TradingView and Deriv both offer responsive platforms, meaning you can monitor charts on your laptop while executing trades on your phone or tablet. This multi-device setup is especially handy in Pakistan, where internet reliability can vary. For example, if your Wi-Fi goes down at home, you can switch to mobile data on your phone to keep an eye on alerts or close trades quickly. Managing devices effectively keeps you in control and nimble.
Alerts can be a lifesaver when you can’t watch the charts all day. TradingView lets you set highly specific notifications for price levels, indicator crossovers, or trend changes, which get pushed as notifications to your mobile or email. For a Pakistani trader juggling work or family, this means you’re only disturbed when real opportunities arise, cutting down screen time and stress. Tailor alerts to key Deriv instruments and pair them with your trading plan to act quickly without missing the boat.

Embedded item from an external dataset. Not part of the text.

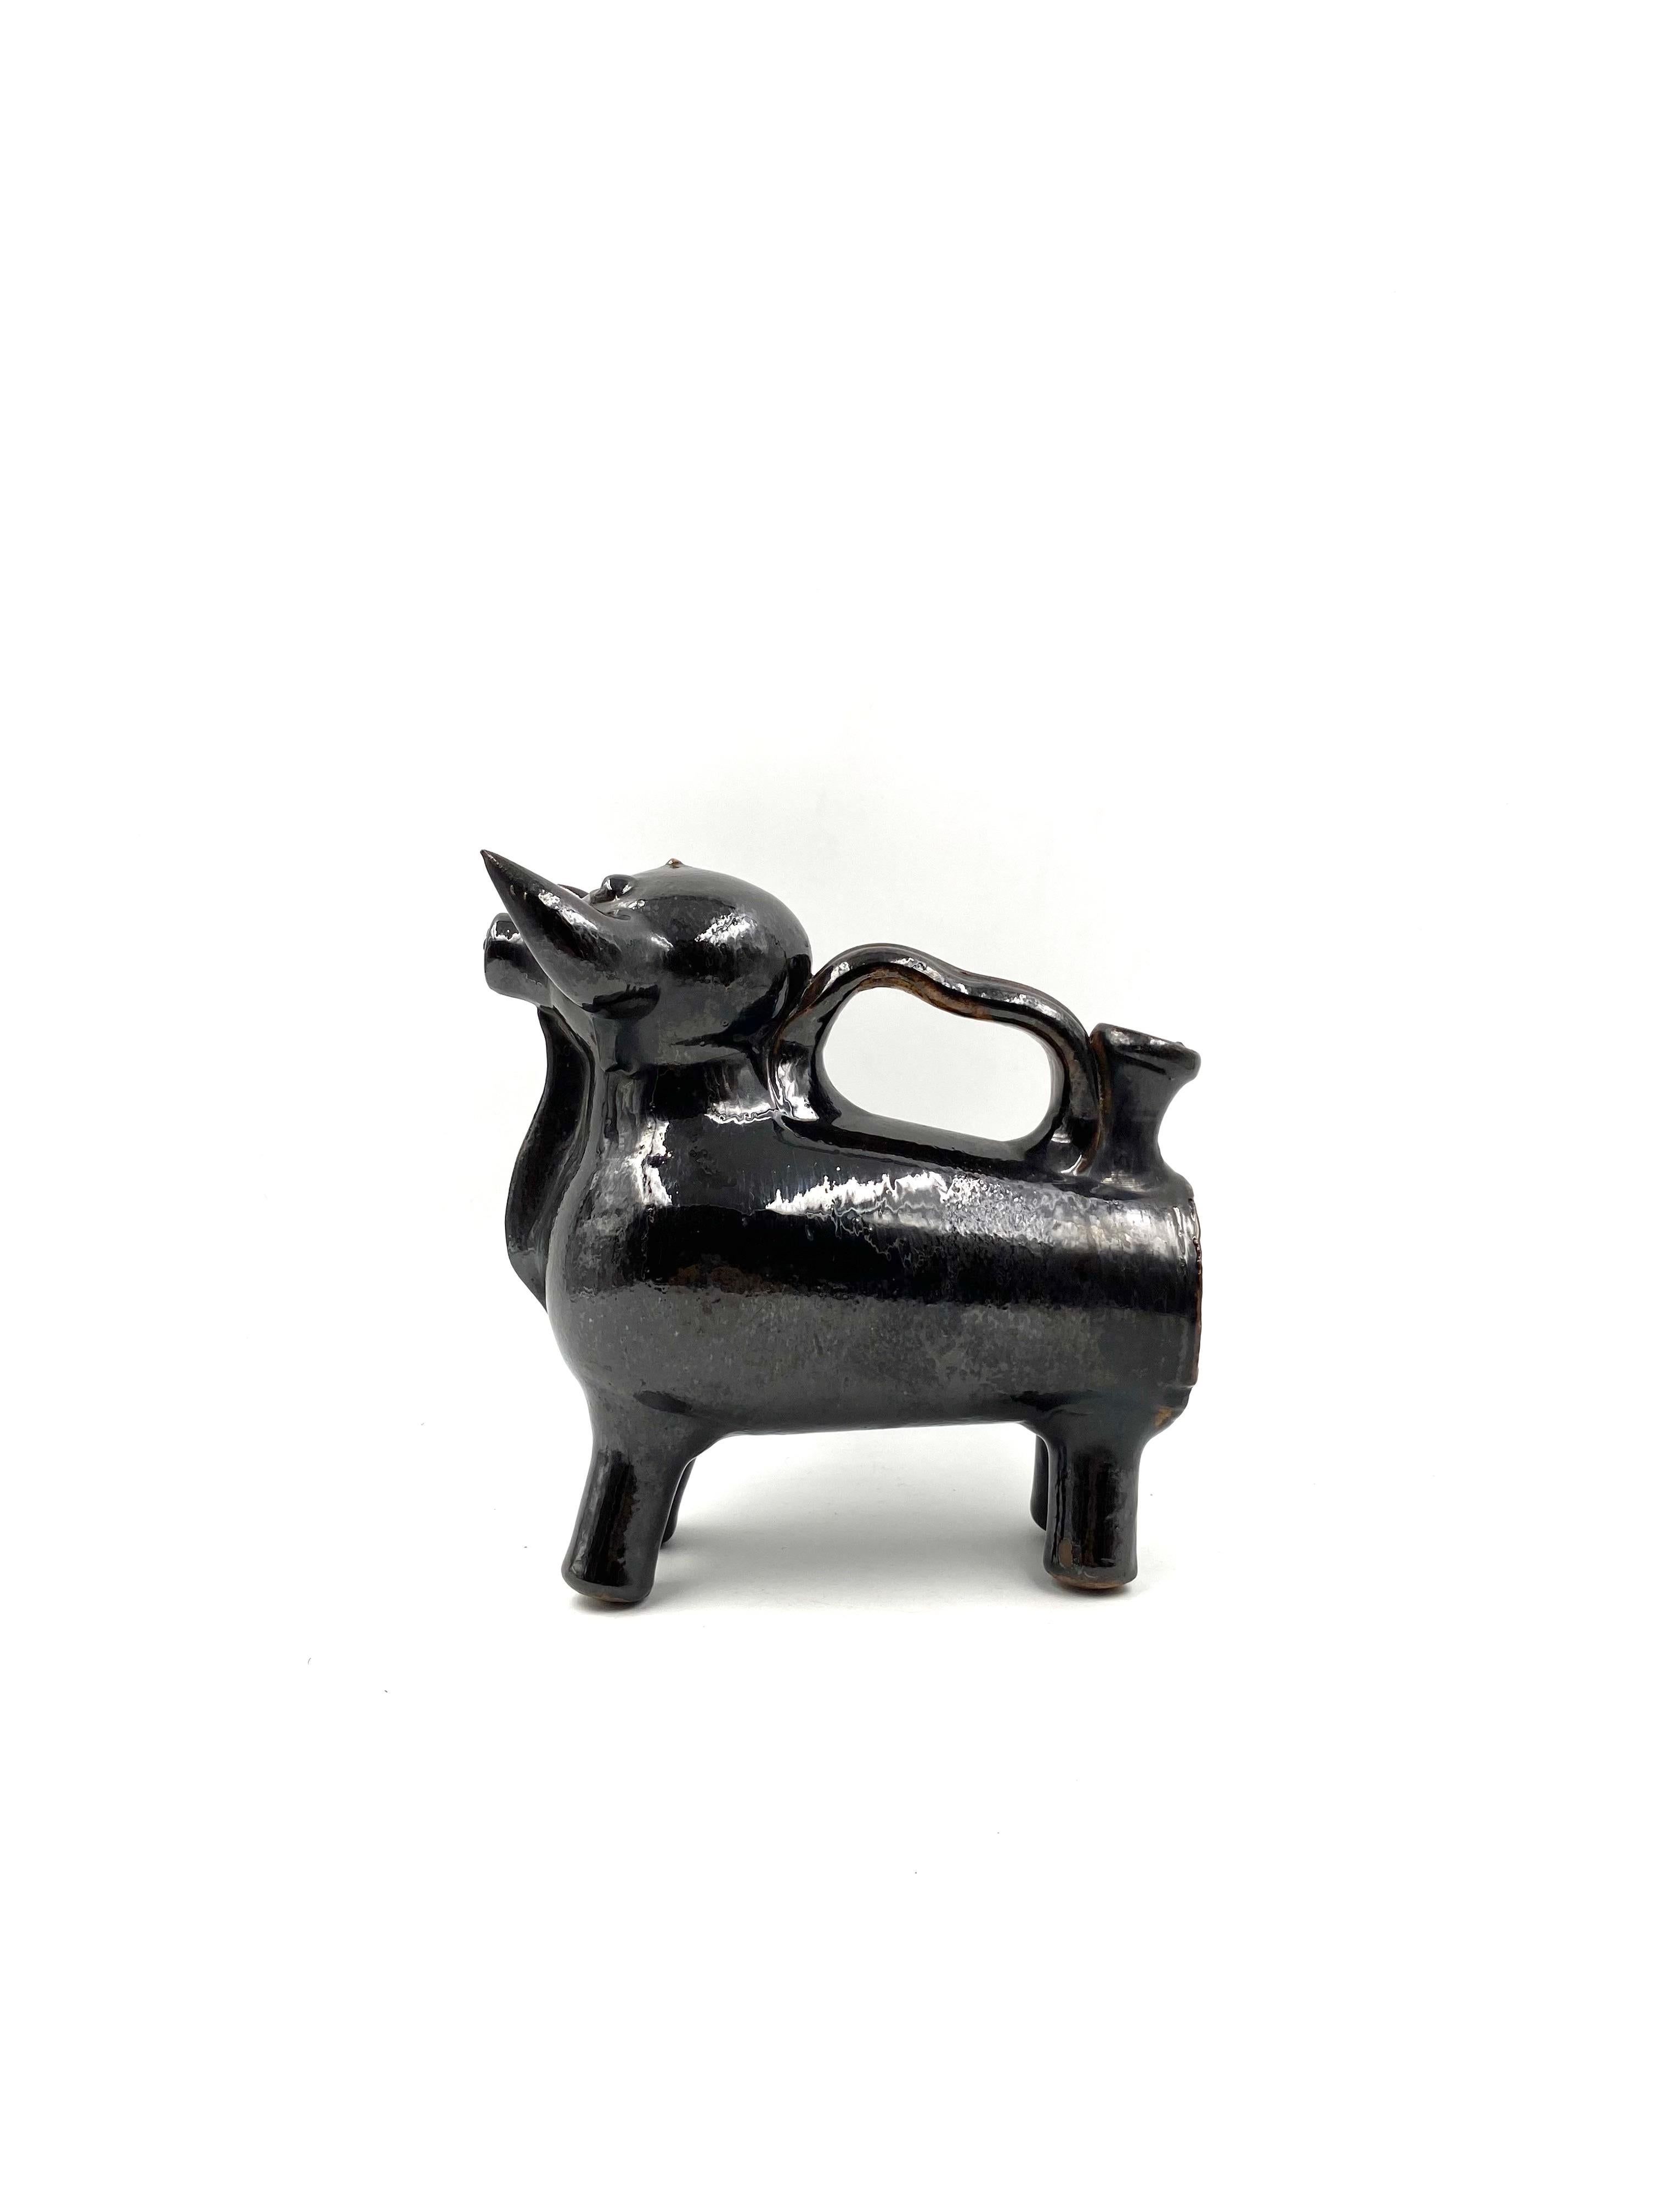 Primitive Ancient Mediterranean Style Bull Shaped Jug Sculpture, France, 1960s For Sale

Markets never stop moving, and neither should your education. Platforms like TradingView have active communities where traders share scripts, strategies, and insights. Pakistani traders can participate in local or international webinars, follow expert analysts, and experiment with demo accounts on Deriv. Treat each trade as a lesson and review your performance regularly. Continuous learning turns small wins into lasting skills and helps avoid repeating mistakes.
Staying sharp and adaptable is just as important as having the right tools. By tailoring your use of TradingView and Deriv to fit Pakistan’s unique trading landscape, you boost your chances for success without burning out or risking avoidable errors.